They made it to the elevator before Socks trotted back into the lobby. "Maggie? I read in the paper that you don't get the whole three million right away, that they divvy it up over a bunch of years. Maybe twenty? Is that true?"

"I think that's right, Socks," Maggie told him, the look on the doorman's face warning her that another shoe was ready to drop. As it stood now, she had enough footwear falling on her head to open her own shoe store. "Why?"

"Oh, nothing. So, after the Feds take their share, and the rest is split up over that many years—you didn't really win much, did you?"

Maggie grinned at him. "Why, Socks, I didn't know you were from the glass-half-empty school of thought. I think I still get pretty much. I mean, it's better than a poke in the eye with a sharp stick, right?"

"She's giving it to me," Sterling told him, his expression pained. "For doing nothing."

"Not for doing nothing, Sterling. I already have money. Alex has his own money now that he's modeling for Fragrances by Pierre, not to mention the money he gets from his Streetcorner Orators and Players—not that I ever like mentioning that because I still can't believe the profit he's pulling in with that deal. Anyway, it's only fair, since you're here, that you have some money of your own, too."

"Since I'm here?"

Maggie looked at Socks, and then rolled her eyes at Sterling warningly. "Later, okay?"

"Since I just happened to come along, Maggie?
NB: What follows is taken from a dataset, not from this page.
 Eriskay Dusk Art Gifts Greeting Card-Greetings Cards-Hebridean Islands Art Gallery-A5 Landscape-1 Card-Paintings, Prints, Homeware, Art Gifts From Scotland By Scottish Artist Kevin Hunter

I didn't ask to come along, you know. I only thought Saint Just might need me. I didn't know I was such a burden to you both."

Socks looked from Maggie to Sterling. "Guess I'll ... I'll go see if anyone wants a taxi, huh?"
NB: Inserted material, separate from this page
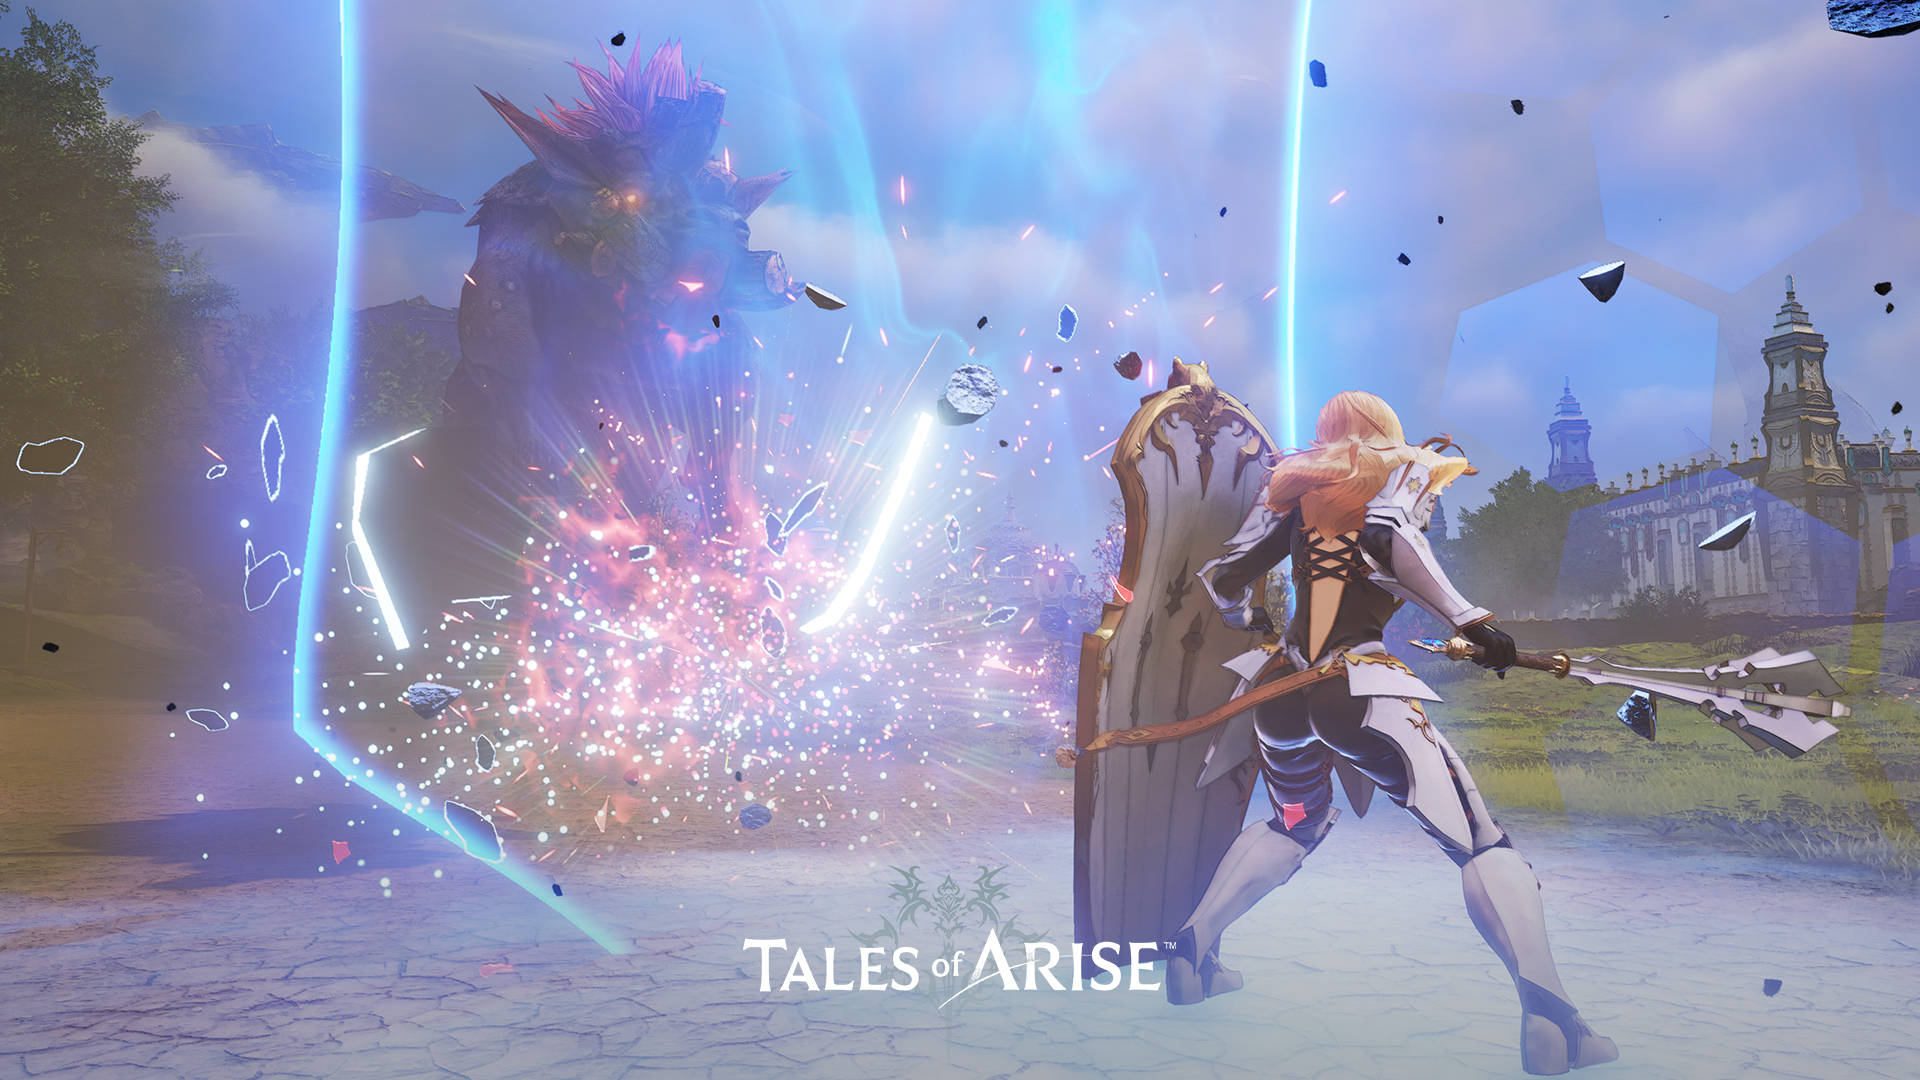 Tales of Arise Gets Gorgeous New Screenshots, Art, & Videos Showing New

"Yeah. Why don't you do that, Socks. We'll talk later." Maggie hopped onto the elevator when the doors mercifully opened. "Sterling? Come on, honey. Come upstairs with me."

"If I'm wanted," he said, showing Maggie a heretofore unknown dramatic bent.

The doors closed on them and she turned on him. "What's going on, Sterling? You don't pout. You don't sulk. You're the happiest man I know. And you were happy when Alex and I said we wanted to give our share of the jackpot to you. You already had one third of it, remember?"

"I don't know what's wrong with me, Maggie," Sterling said as he held open the elevator doors when the car reached their floor. "I'm being ungrateful, aren't I? Yes, that's what I'm feeling. Put out. Ungrateful. Snarky? What an uncomfortable feeling. My goodness, how do you people stand it?"

Maggie extracted her keys from her pocket and opened the door to her condo. "Let's go inside, Sterling. Talk about this some more," she said, looking over her shoulder at him, as he was about to open the door to the condo he shared with Alex, and leave her. "Please?"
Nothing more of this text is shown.